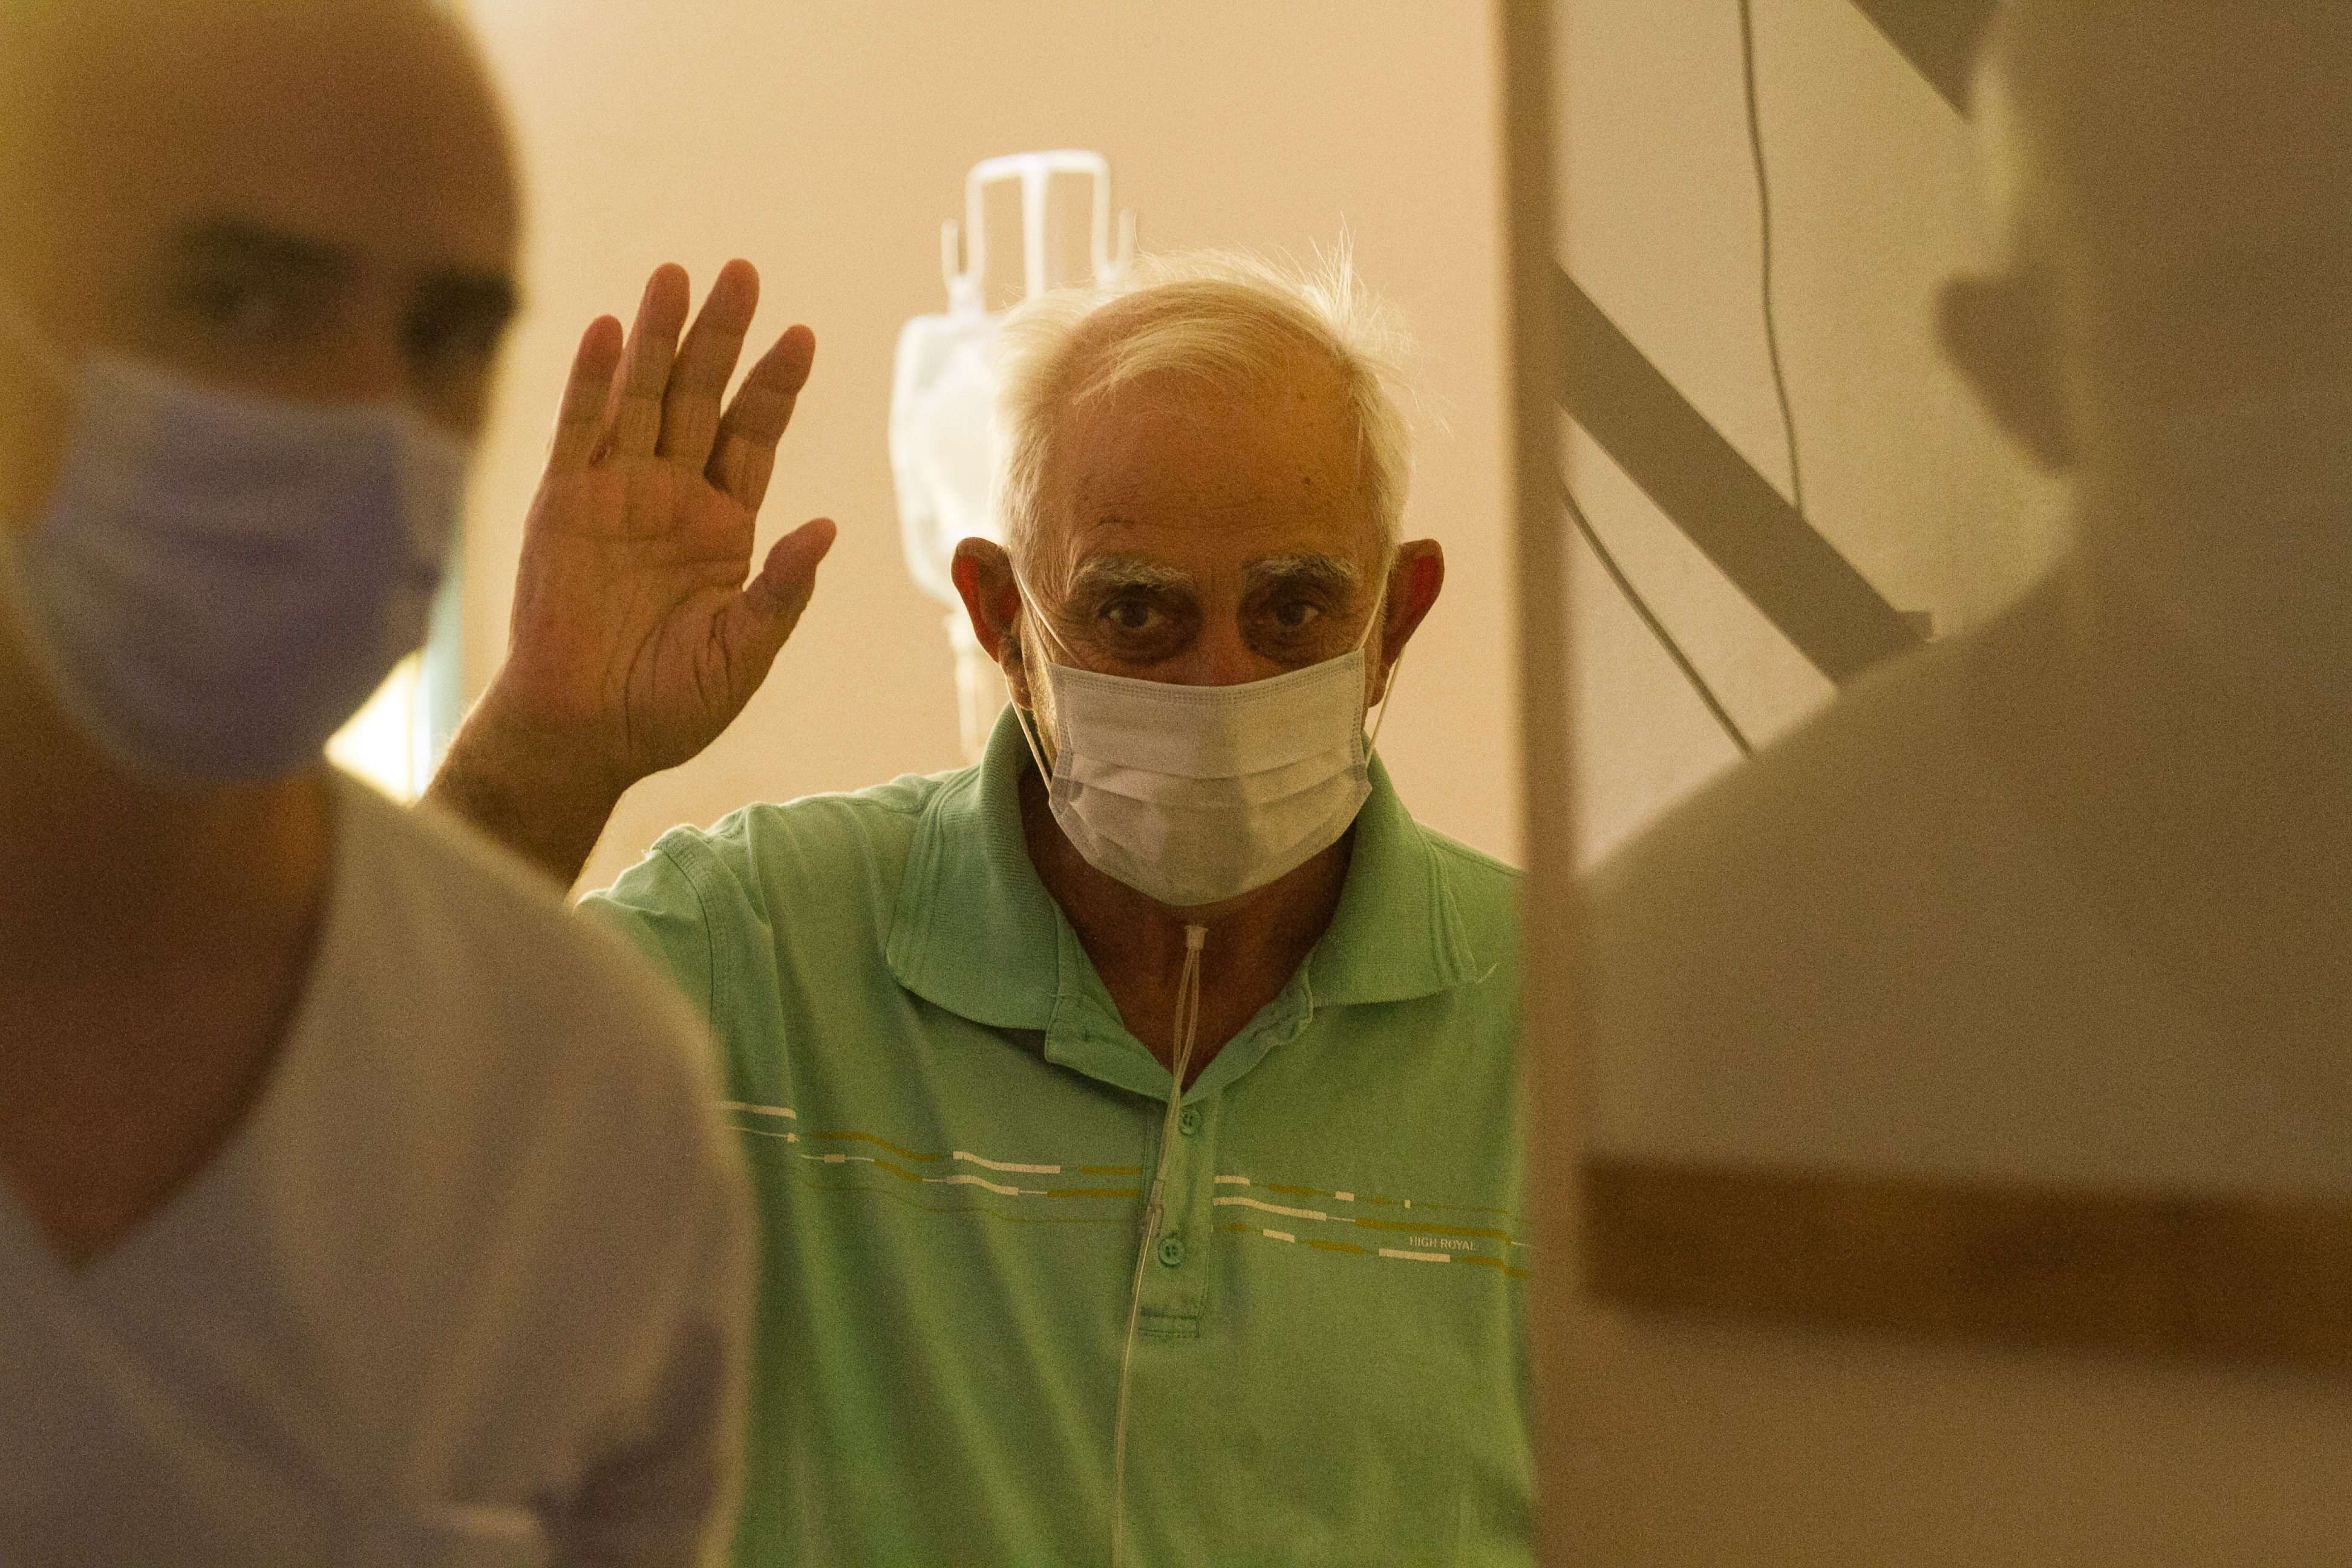 Mario saluda en el momento de su alta médica.
 
Foto: Pablo Leguizamon
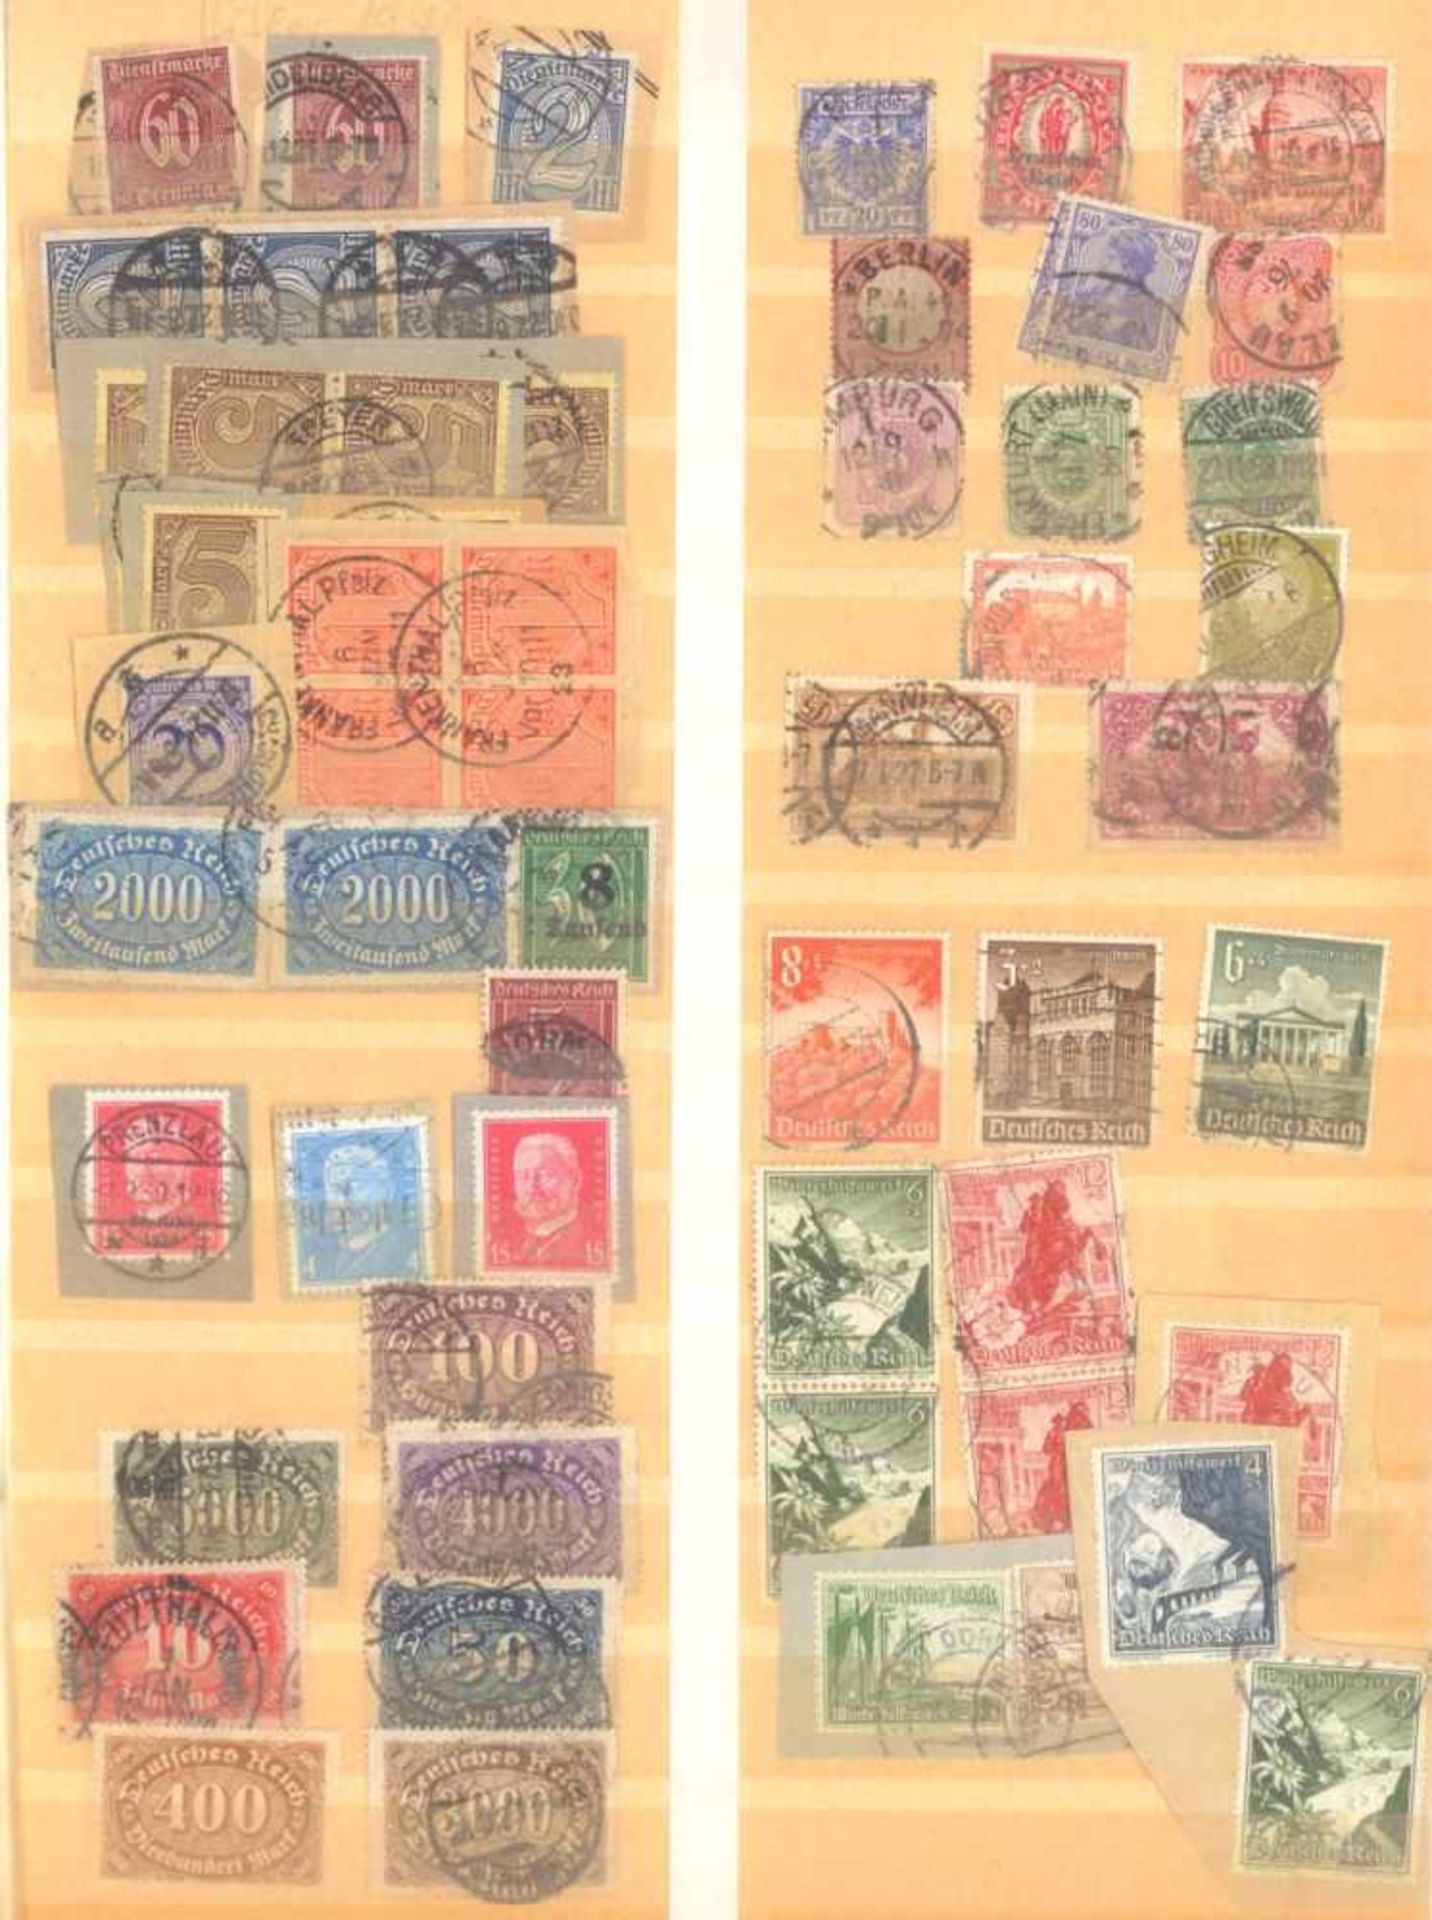 FRANKENTHALER NACHLASSuriger Nachlass mit Briefmarken und Belegen. Dabei DeutschesReich, altes - Bild 13 aus 46
**********
Goal of the exercise: Apart from its pictures, the data is to be repeated exactly.

Task response:
 Mario saluda en el momento de su alta médica.
 
Foto: Pablo Leguizamon
 FRANKENTHALER NACHLASSuriger Nachlass mit Briefmarken und Belegen. Dabei DeutschesReich, altes - Bild 13 aus 46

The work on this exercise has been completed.